An object is displaced from position vector ${r_1} = \left( {4i + 6j} \right)\;{\text{m}}$ under the action of a force $F = \left( {3{x^2}i + 2yj} \right)\;{\text{N}}$. Find the work done by this force.

Answer 1

The work done by the force is the same as the work to displace the object by force and the displacement of the object. Use the dot product of the force vector and position vector of the object to find the force's work. The work done by a force is the scalar quantity.

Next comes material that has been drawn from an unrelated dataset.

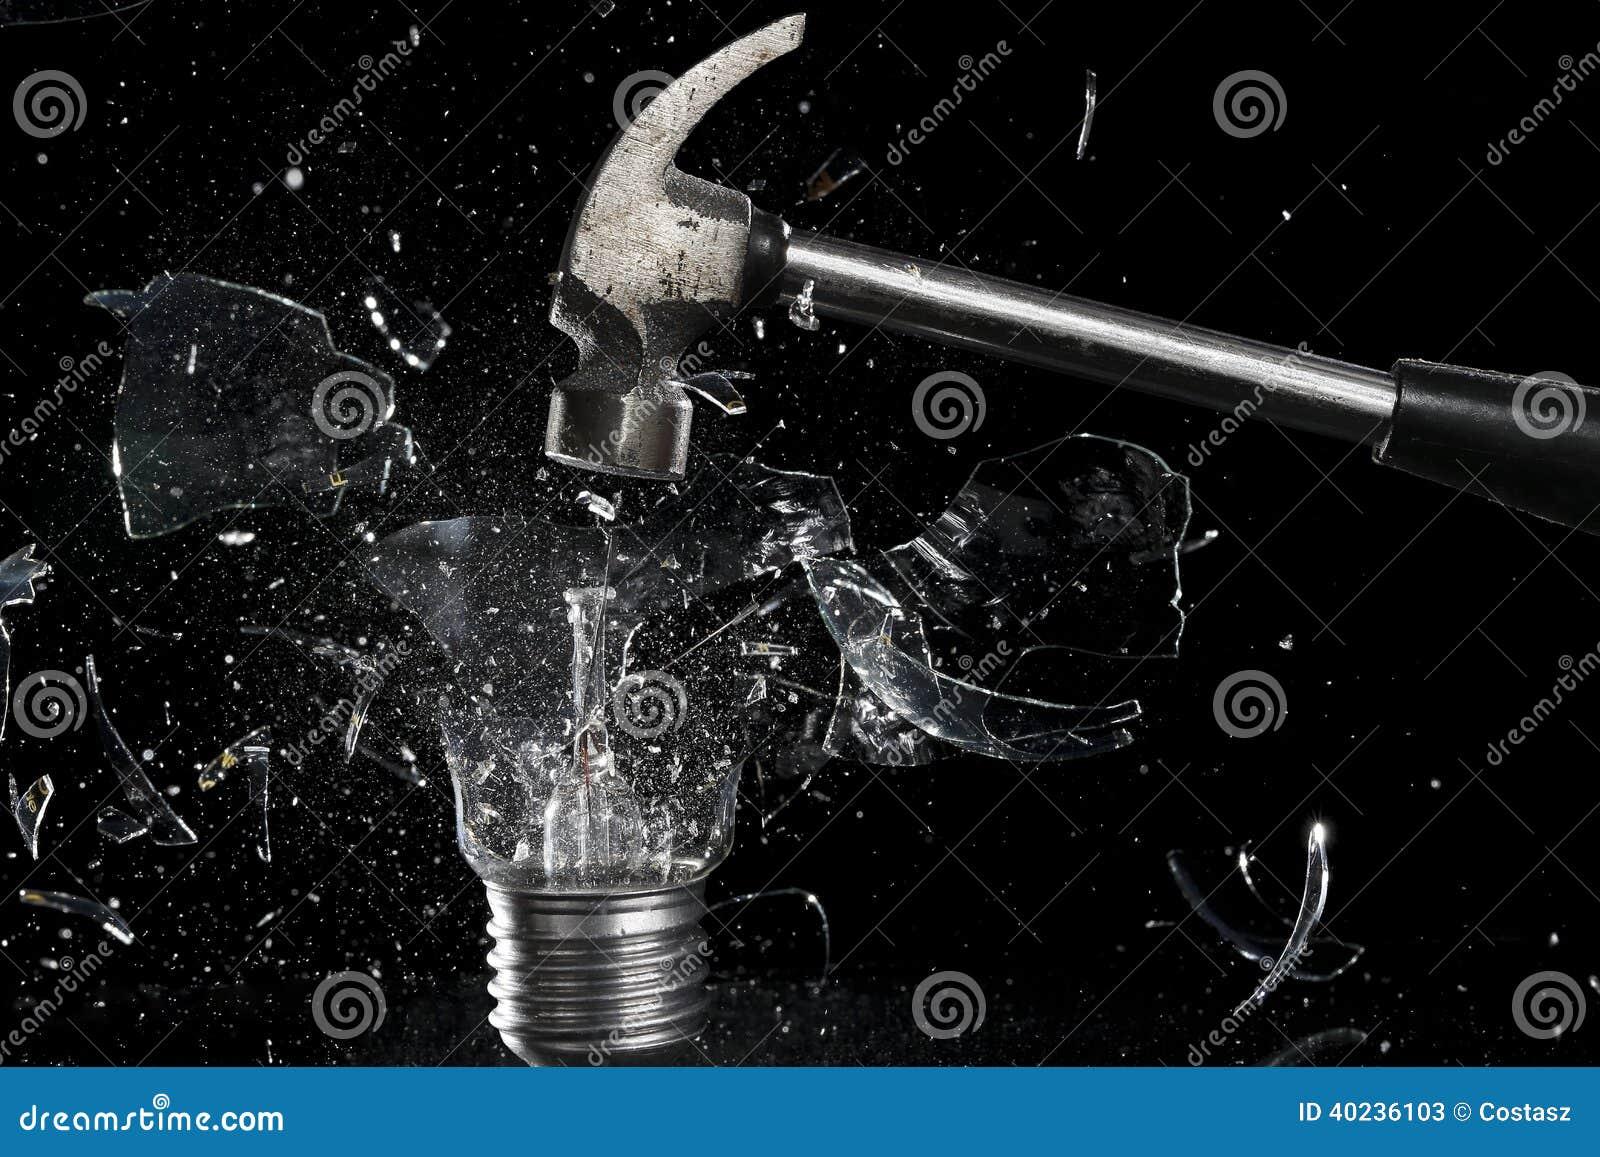 Smashing A Light Bulb Stock Image Image Of Black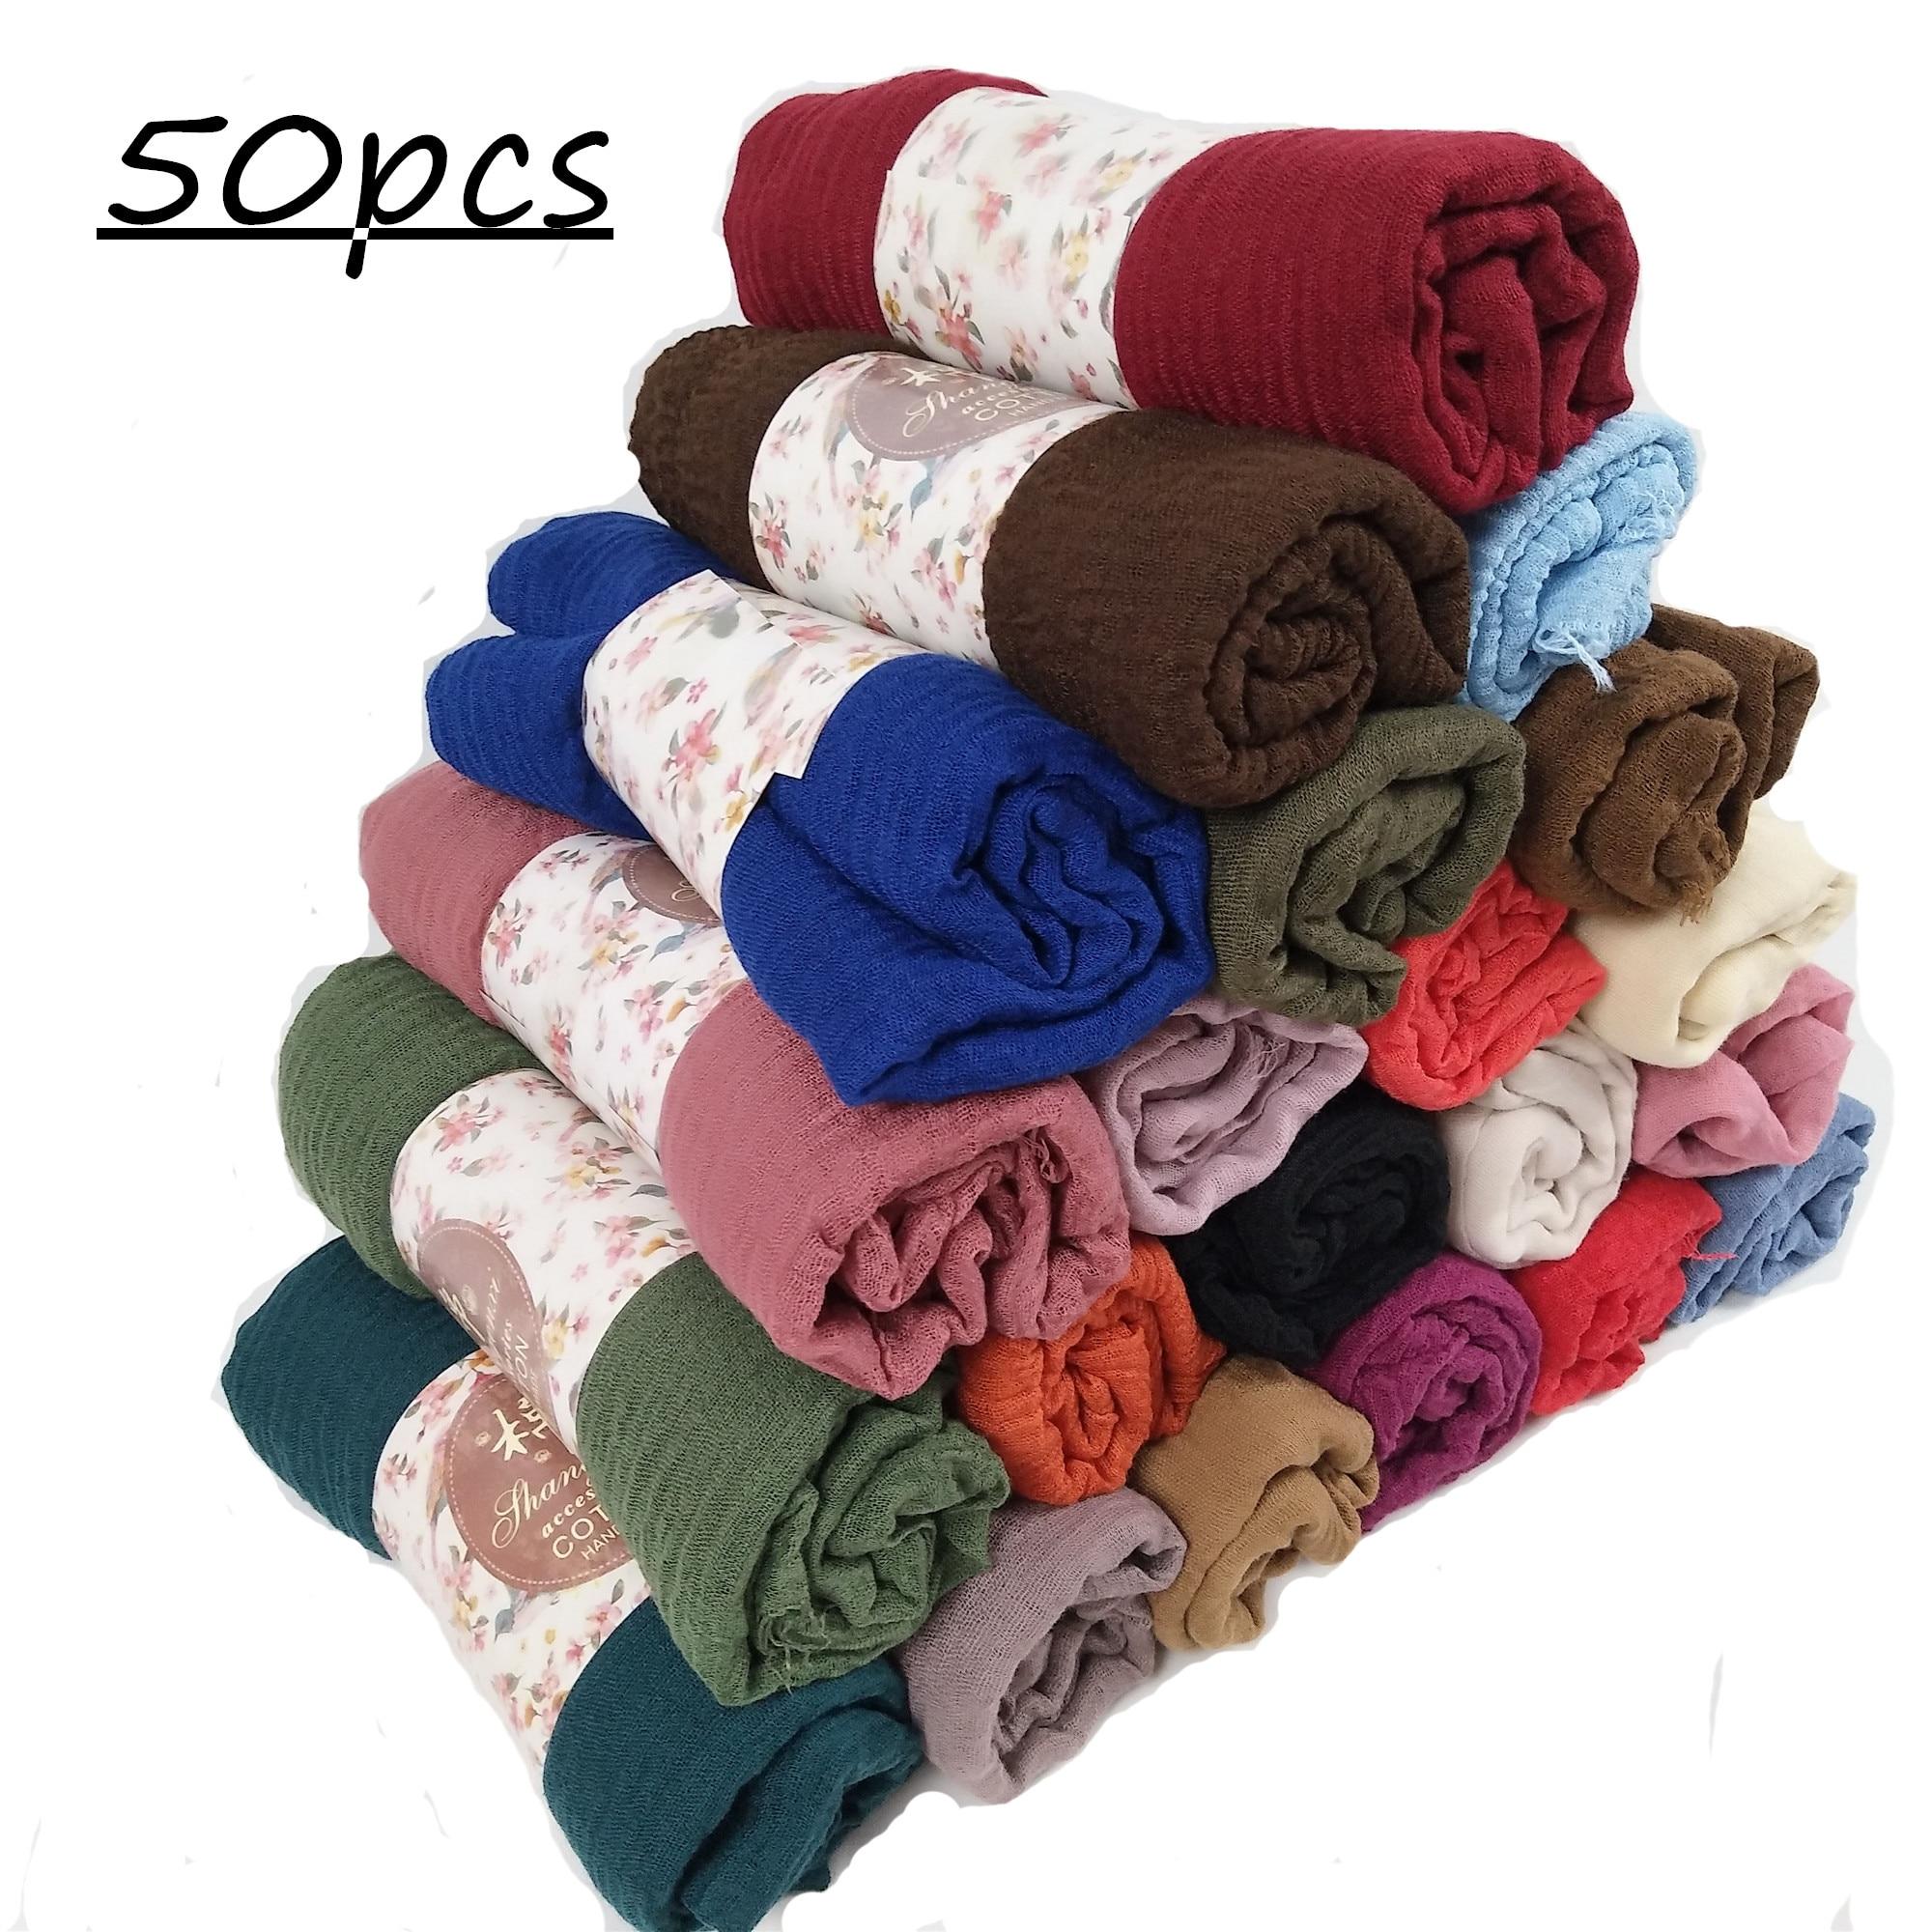 X1 50pcs Crinkle Plain Wrinkle Wrap Bubble Cotton Viscose Long Shawl Scarf Women Crinkled Hijab Shawl

Complete step by step answer:
Given, The position vector of the object is ${r_1} = \left( {4i + 6j} \right)\;{\text{m}}$, the force on the object is $F = \left( {3{x^2}i + 2yj} \right)\;{\text{N}}$.
The equation to calculate the work done by the force is,
$W = F \cdot {r_1}......\left( 1 \right)$
Substitute ${r_1} = \left( {4i + 6j} \right)\;{\text{m}}$ and $F = \left( {3{x^2}i + 2yj} \right)\;{\text{N}}$ in the equation (1).
$\Rightarrow W = \left[ {\left( {3{x^2}i + 2yj} \right)\;{\text{N}}} \right]\left[ {\left( {4i + 6j} \right)\;{\text{m}}} \right]$
$\Rightarrow W = \left( {12{x^2} + 12y} \right)\;{\text{N}} \cdot {\text{m}}$

Therefore, the work done by the force is $\left( {12{x^2} + 12y} \right)\;{\text{N}} \cdot {\text{m}}$.

Additional Information:
The product of the same unit vector components becomes one, and the product of different unit vectors becomes zero. The dot product of the two vector quantities produces a scalar quantity. The force and position of the object are vector quantity, so the work is the scalar quantity. The work done depends on the initial and final position of the object and type of force. If the force is conservative, then the work becomes path independent. If the work is non-conservative, then the work becomes path-dependent.

Note:
Be careful in calculating the dot products of force and position vector to find the work. The component of the force only along the displacement is considered to calculate the work done by the force.